Now in his early 50s, Brissett said he saw friends from his primary school days. “Classmates that I hadn’t seen in four decades was such a nostalgic feeling.”

Montego Bay High School girls and regular attendees Veronica Heron and Merlene ‘Princess Jamaica’ Mullings both say not only do they get to fellowship, but they get a chance to do what they love to do, which is charity work for their alma mater.

“I love the fact that when everyone sees me their pockets get a little lighter,” Heron quipped.

Bear Mountain for them is all about family.

“I feel like when I’m at Bear Mountain, I just feel safe. I feel like I’m back in Montego Bay back in the 80s when I was in high school. In particular, this past Bear Mountain, I personally felt love in the air. It was palpable. Everybody had positive vibes. Everybody was showing love and giving love and accepting love,” said Mullings.

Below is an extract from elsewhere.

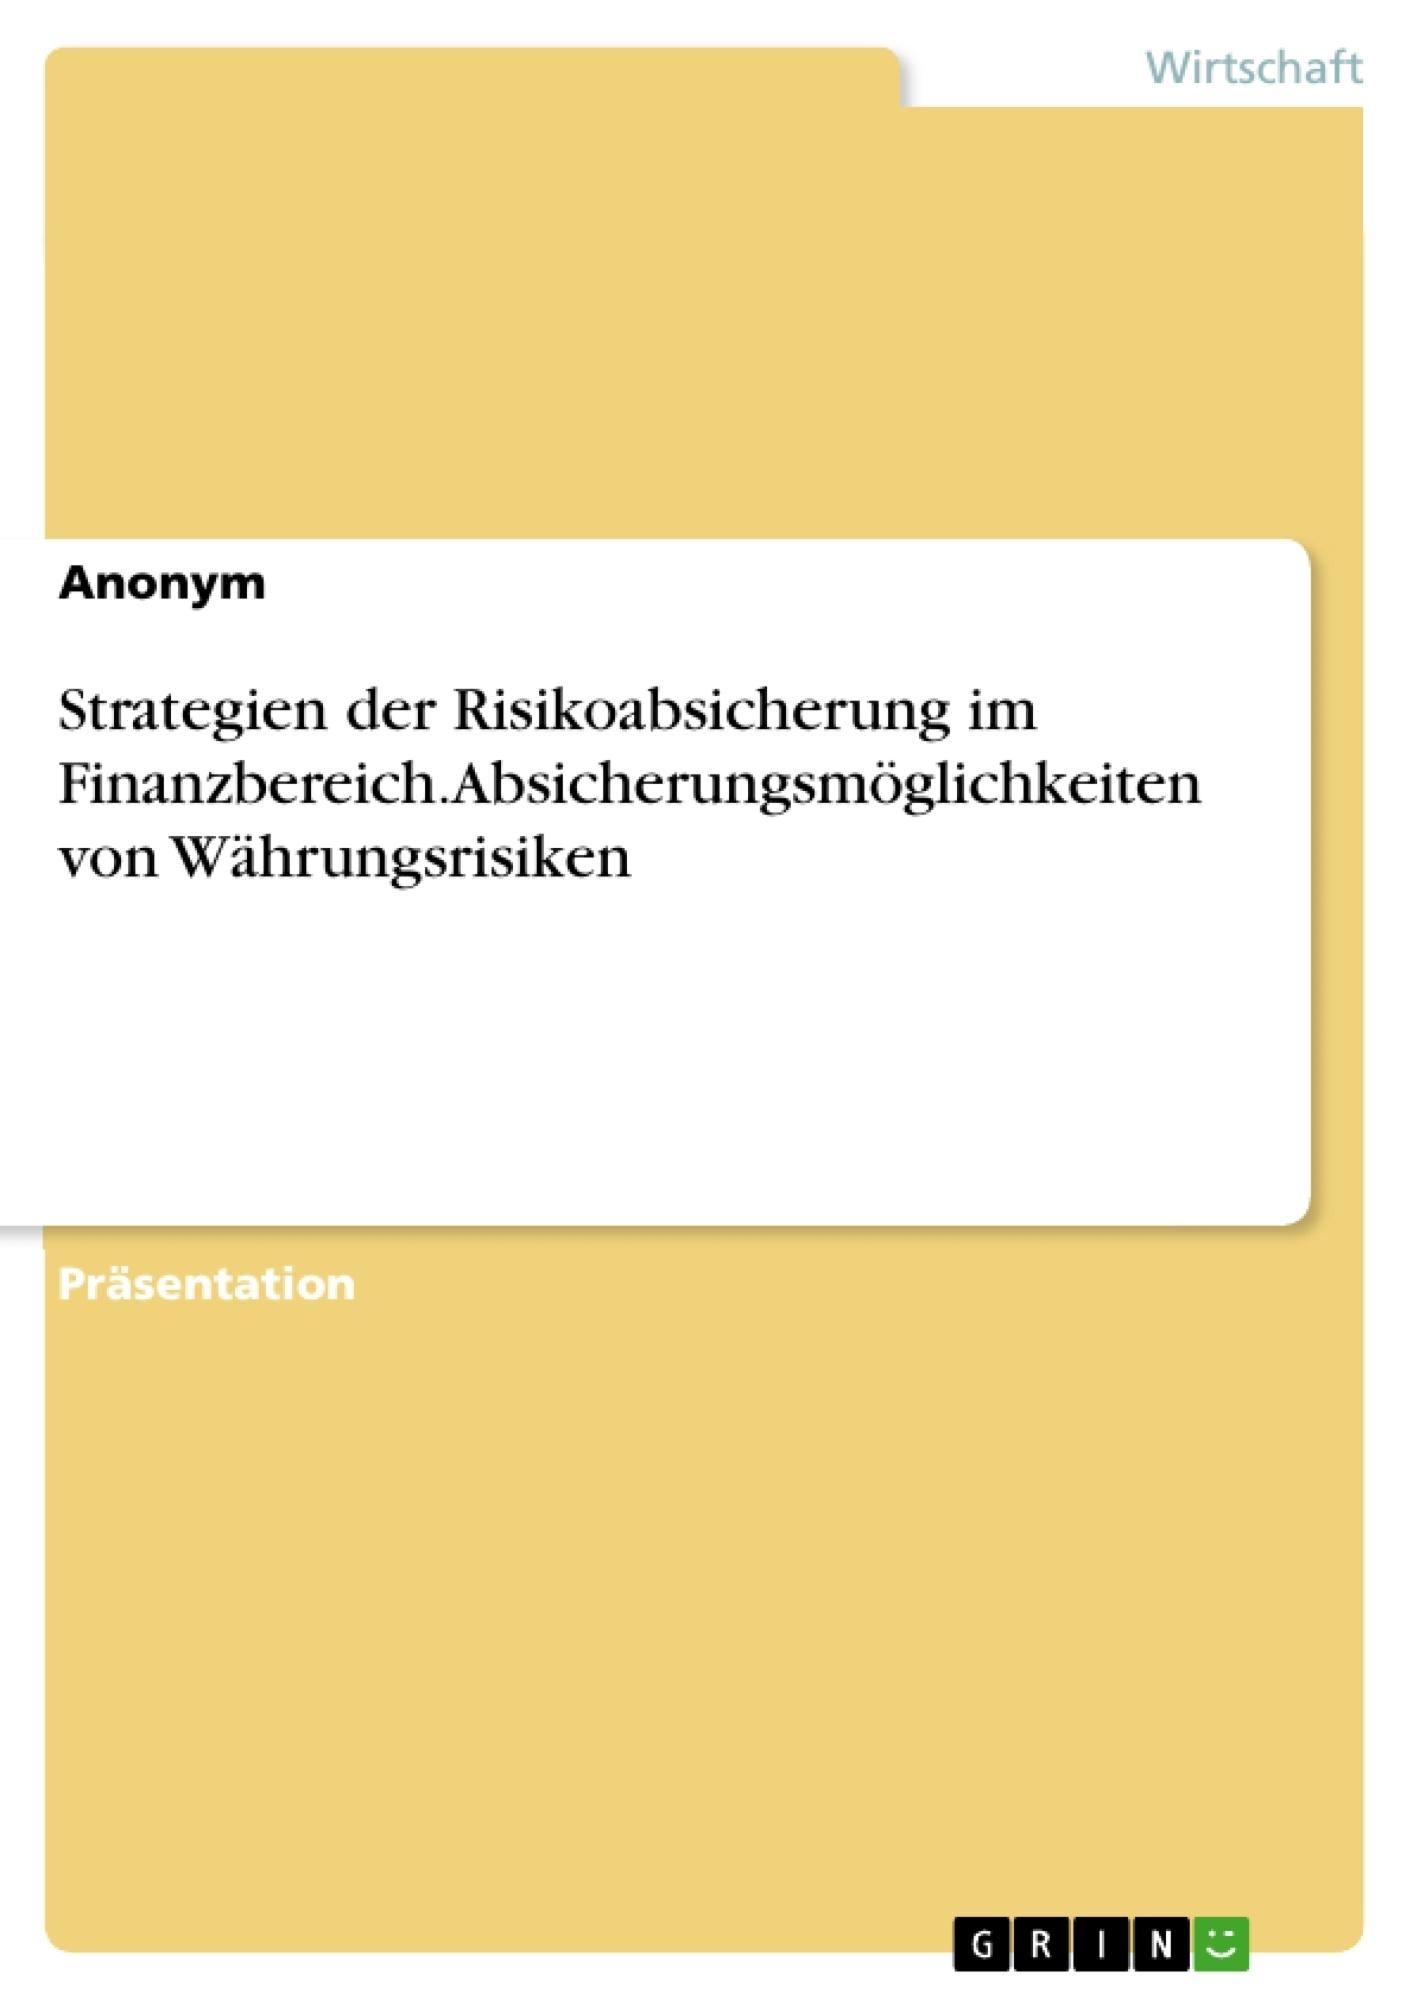 Titel: Strategien der Risikoabsicherung im Finanzbereich. Absicherungsmöglichkeiten von Währungsrisiken
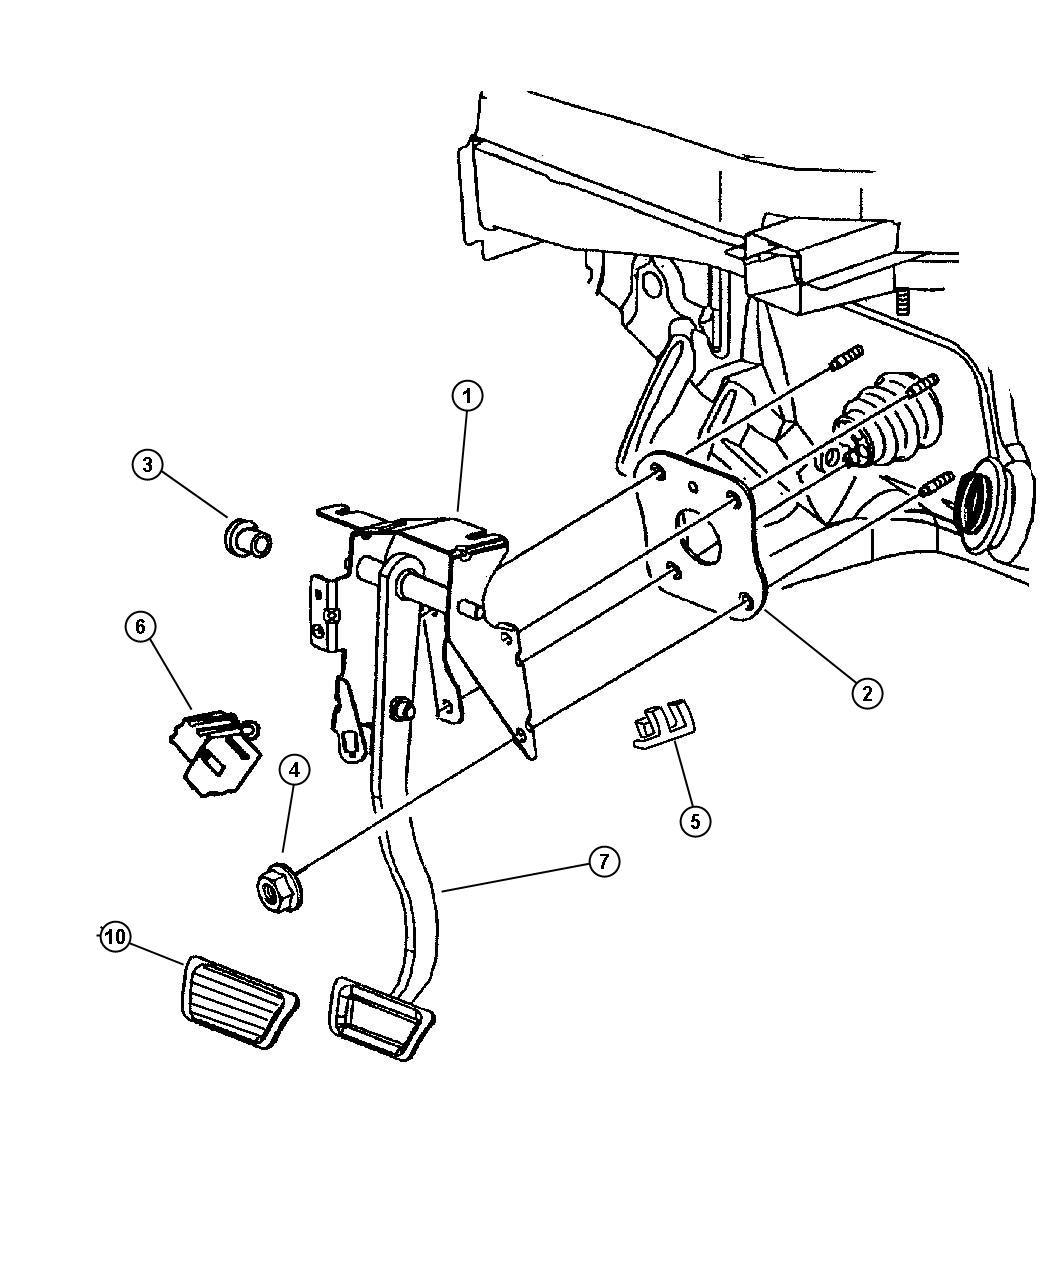 2000 Chrysler Lhs 4-DR Pedal, Brake.

According to her, this was the spirit of Bear Mountain. “I don’t think that there’s anything like it. I don’t believe that there’s any other town or community that has a gathering as our Bear Mountain. And I just go because it just rejuvenates me. Reminds me of where I’m coming from,” she added.

Celebrated each year, the second Saturday in August, no less than 700 Jamaicans were in the park facility that accommodated several other nationalities and beliefs.